Gastroclonium reflexum is a small red alga (Rhodophyta) reported from Ireland and Britain.

==Description==
This small alga grows to about 6 cm long: the fronds grow from a branched holdfast are reflexed and form haptera where they meet the rock. The branches are hollow, terete to 6 cm long and constricted by septa giving a beaded appearance. The secondary branching is dichotomous, distichous. In colour they are dark purplish red. The species is very similar to Chylocladia verticillata with which it may be confused. Spermatangia, cystocarps and polysporangia have been recorded.

==Distribution==
Gastroclonium is widely distributed in the north Atlantic Ocean and Mediterranean Sea, where it grows epilithically or epiphytically in the littoral or sublittoral zones.

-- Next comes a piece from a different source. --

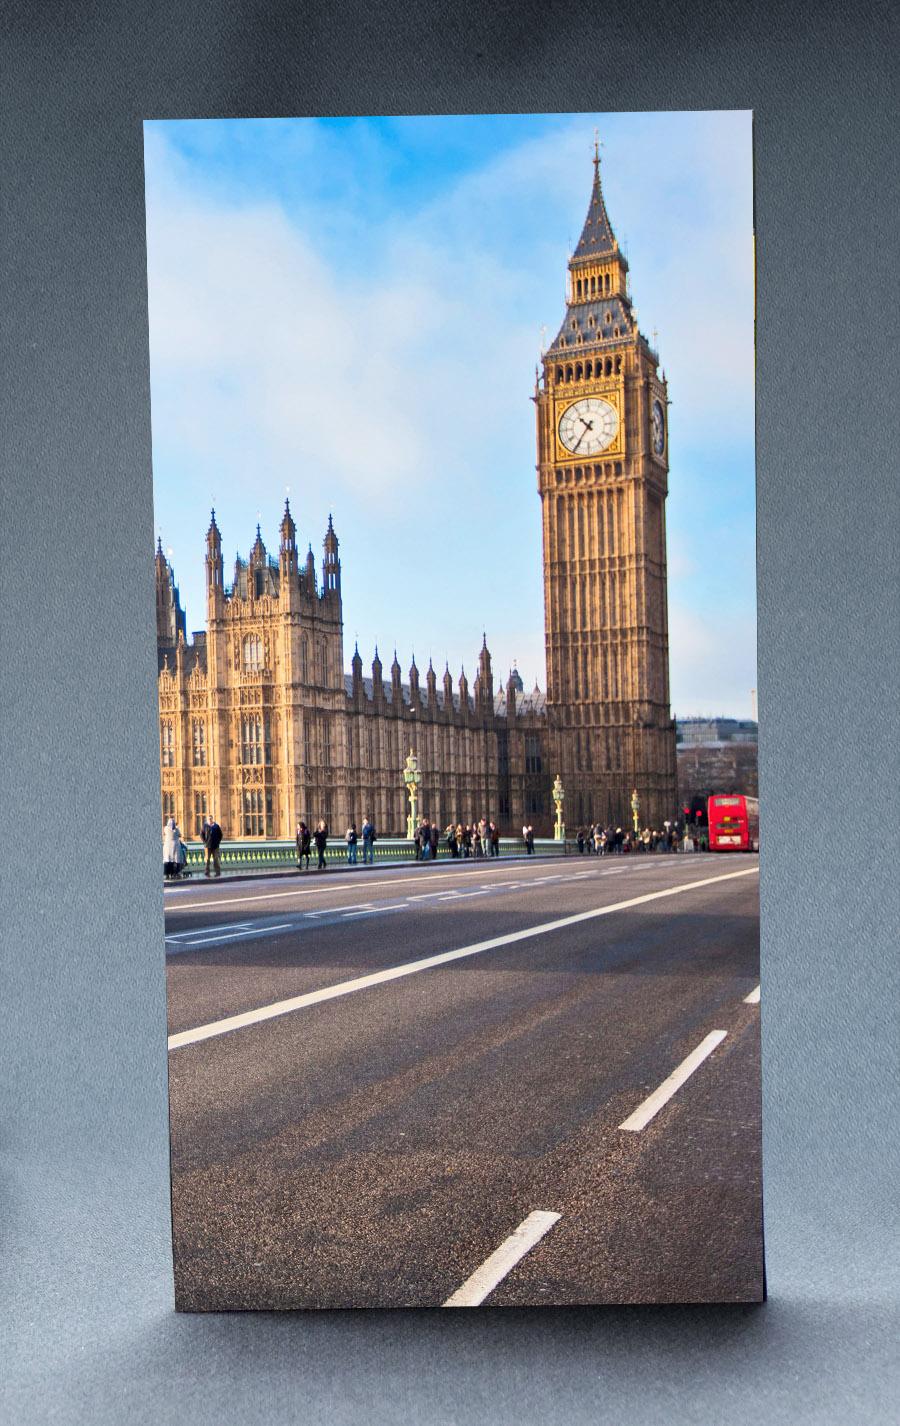 London Street 1:6 Scale Striking Backdrop

In Great Britain, it has been recorded from Cornwall, Devon, Sussex, Norfolk, Pembrokeshire and Glamorgan. It was first recorded from Ireland by W.H.Harvey as Chylocladia reflexa Leorm. and published in 1846.
Outside the British Isles, Gastroclonium has been recorded from the Channel Islands, Spain, Portugal, the Canary Islands, the Mediterranean Sea, Namibia, Morocco and South Africa.

==Records==
Specimens collected from Lough Swilly by W. Sawers in 1854 are now preserved in the Ulster Museum (BEL) (F7058; F7059 and F7060) were redetermined as Chylocladia verticillata by Guiry as Chylocladia verticillata.